Segundo o ministros, é preciso esperar que o Congresso aprove o Orçamento deste ano, o que está previsto para essa semana.

"Com relação ao Orçamento (para ações de repressão ao desmatamento), o número preciso não é possível estabelecer agora, porque justamente nessa semana se está definindo o Orçamento (de 2021) junto ao Congresso Nacional. Porém, o que é possível dizer, é que o que houver de disponibilidade o presidente vai dobrar o recurso", afirmou Salles.

"Isso é importante porque dá justamente sustentação a esse pagamento que eu me referi há pouco: as equipes da Força Nacional, que podem aumentar substancialmente (o contingente para conter o desmatamento), e que se somam, é importante deixar claro, aqui não é substituição, elas se somam ao que já tem de equipes e logística do Ibama, do ICMbio, da Polícia Federal", acrescentou.

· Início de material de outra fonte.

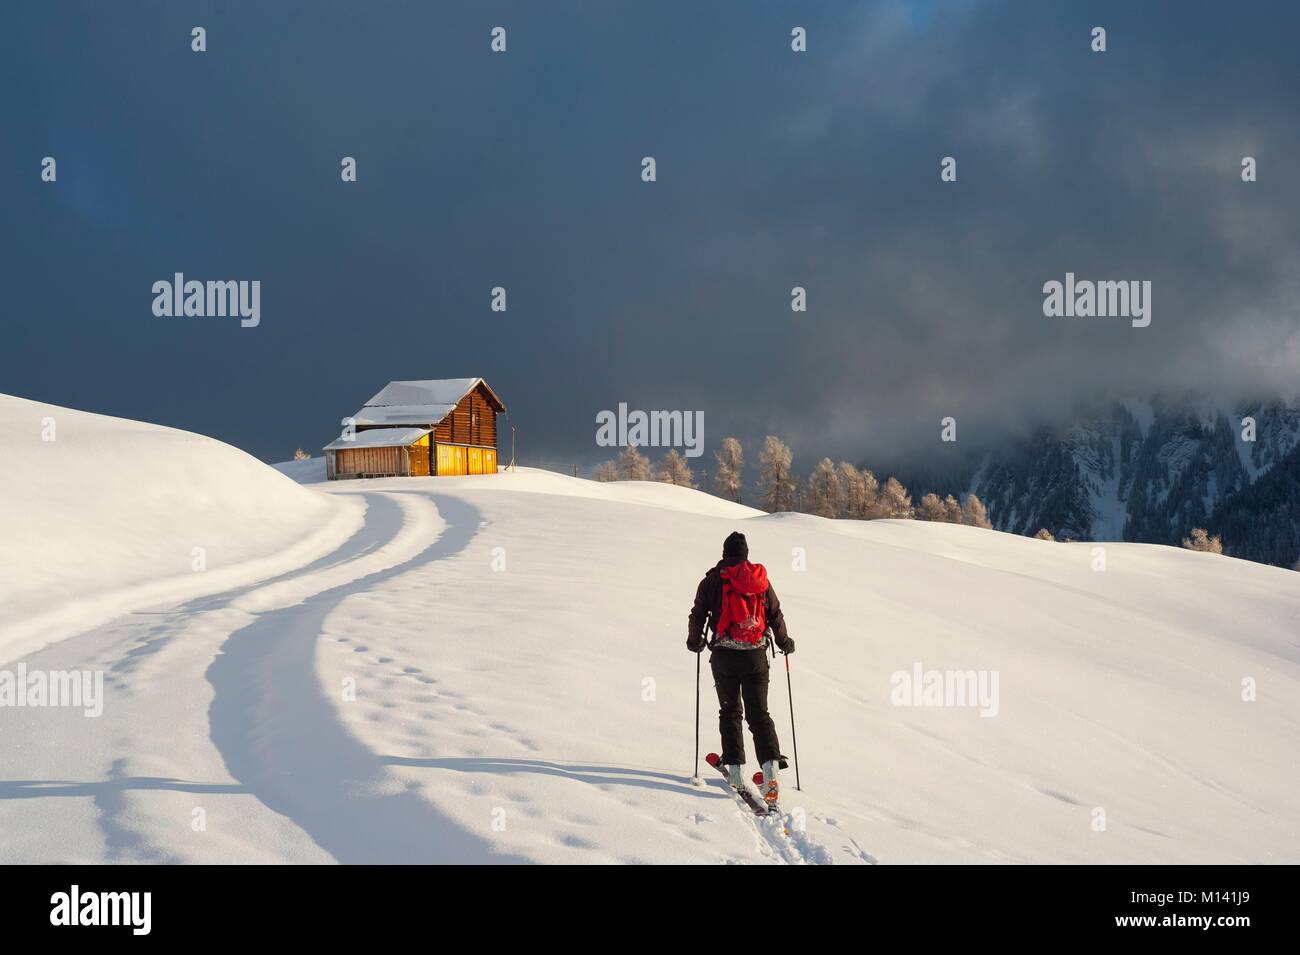 Switzerland, Graubünden, Safien valley, the village of Tenna, starting point of ski tours Stock Photo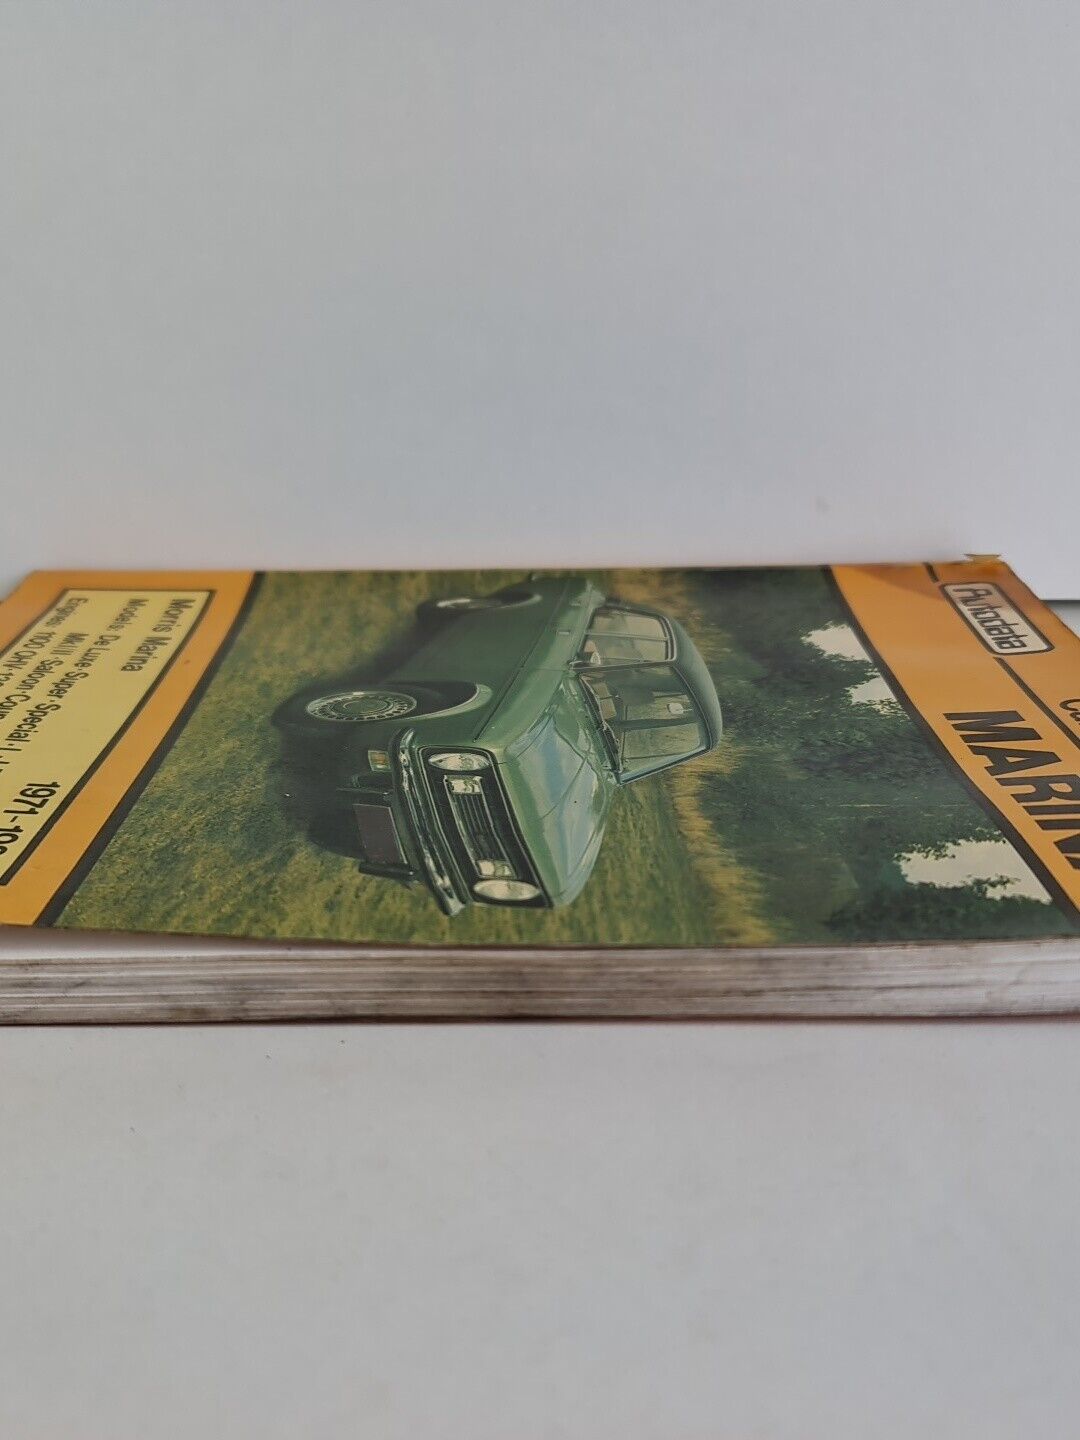 Moris Marina 1971-1980 Car Repair Manual - Autodata (1983)

Salles disse ainda que o governo ainda está definindo se a atuação das Forças Armadas na Amazônia será prorrogada, já que a atual operação de Garantia da Lei e da Ordem (GLO) tem duração até abril. No entanto, mesmo que não seja estendida, os militares devem prestar apoio logístico a futuras operações, ressaltou o ministro.

Biden anuncia metas mais ousadas para EUA

A Cúpula de Líderes é uma tentativa de Biden de recolocar os Estados Unidos como líder da agenda ambiental, após o presidente anterior, Donald Trump, abandonar essa pauta.

Na abertura do encontro, o americano se comprometeu a reduzir as emissões de gases de efeito estufa dos Estados Unidos em 50% até 2030, em comparação aos níveis de emissões de 2005. Ele, porém, não detalhou como isso será alcançado.

Ele também anunciou que os Estados Unidos têm como nova meta alcançar em 2050 a neutralidade climática (quando as emissões restantes após a redução são totalmente compensadas com medidas ambientais). O compromisso anterior do país era alcançar isso em 2060.

Em seu discurso, Biden enfatizou também a necessidade de os países trabalharem juntos na contenção das mudanças climáticas e colocou o desenvolvimento sustentável como uma oportunidade de criação de empregos.

"Esta é a década em que devemos tomar decisões que evitarão as piores consequências da crise climática", ressaltou o presidente americano, destacando o aumento de eventos extremos pelo mundo, como cheias, secas e furacões.